From: Richard Stallman
Subject: [savannah-help-public] address@hidden: Re: [Repo-criteria-discuss] Savannah and HTTPS]
Date: Mon, 26 Dec 2016 19:18:58 -0500

Some people are arguing that we should turn off HTTP on Savannah,
so it should support ONLY HTTPS.  I included some of what
they said.

That seems like a radical demand, and I am skeptical.  What do you
think about the issue?  Should we actually make Savannah reject HTTP
connections outright?


From: Mike Gerwitz <address@hidden>
To: Richard Stallman <address@hidden>
Cc: Hanno Böck <address@hidden>,
  address@hidden,  address@hidden
Subject: Re: [Repo-criteria-discuss] Savannah and HTTPS
In-Reply-To: <address@hidden> (Richard Stallman's message
        of "Mon, 10 Oct 2016 05:01:05 -0400")
Date: Mon, 10 Oct 2016 21:30:39 -0400
Message-ID: <address@hidden>
Content-Type: multipart/signed; boundary="=-=-=";
        micalg=pgp-sha512; protocol="application/pgp-signature"


[1:text/plain Hide]

On Mon, Oct 10, 2016 at 05:01:05 -0400, Richard Stallman wrote:
> I don't understand those words.  I can only say that the conclusion,
> "Security requres discontinuing support for HTTP," is an extraordinary
> claim and requires extraordinary proof.  I am extremely skeptical.

It depends on what you are trying to mitigate.
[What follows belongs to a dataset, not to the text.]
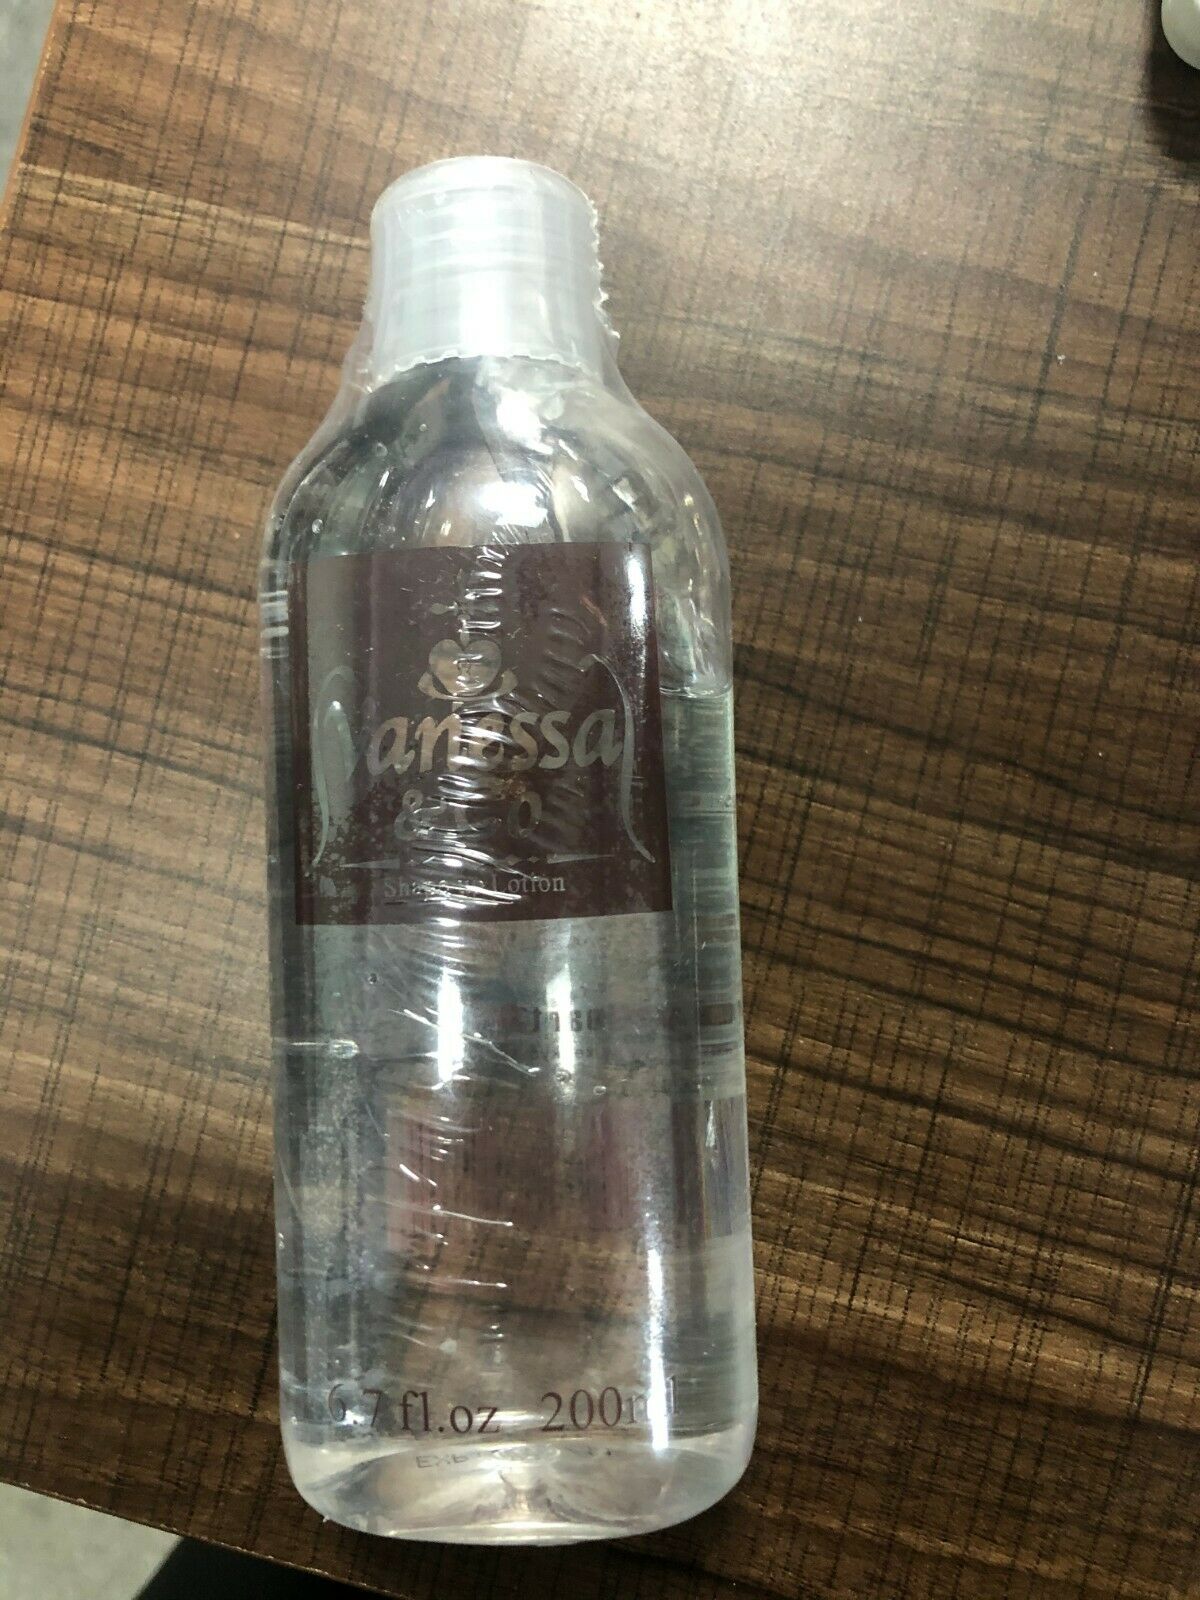 Personal Water Based Lube for Long Lasting Play

In the Savannah case, it's important to protect both the user's login
data and their session itself.  When the user is logged in, it's
important to protect against MitM attacks that could be used to hijack
their session or trick them into doing things that they might not want
to do.

More broadly: MitM attacks are always a concern and cannot be mitigated
with plain HTTP.  If the integrity of the data are important---e.g. the
information the user reads and the files that they download---then HTTPS
is important.  There is nothing preventing employers, networks, ISPs, or
states from censoring or modifying content.  Comcast was caught
injecting JavaScript into users' webpages to notify them of copyright
violations.[0] This same method is used by malware to inject
ads.  Wikipedia implements HTTPS in part to ensure the integrity of
their articles.[1]  If I'm visiting a site over Tor, a malicious exit
node could modify and sniff non-HTTPS pages.

There is also the issue of privacy.  With HTTPS, an adversary monitoring
a network (Eve) would know that Alice is looking at Wikipedia, but not
what Alice is looking at.  With plain HTTP, Eve knows exactly what
articles Alice is reading.  This can be potentially life-threatening in
some countries where reading certain articles is a crime.  For others,
it might simply be embarrassing.  If I'm concerned about a health
condition that I want to look up at work, I don't want my employer
knowing I'm looking at it.

It's usually not the case that I can't trust the website itself---it's
everything _else_ that can go wrong.  It's unfortunate that the first
thought in my mind the entire time I'm online (Web or otherwise) is
mitigating various adversaries, but that's the reality.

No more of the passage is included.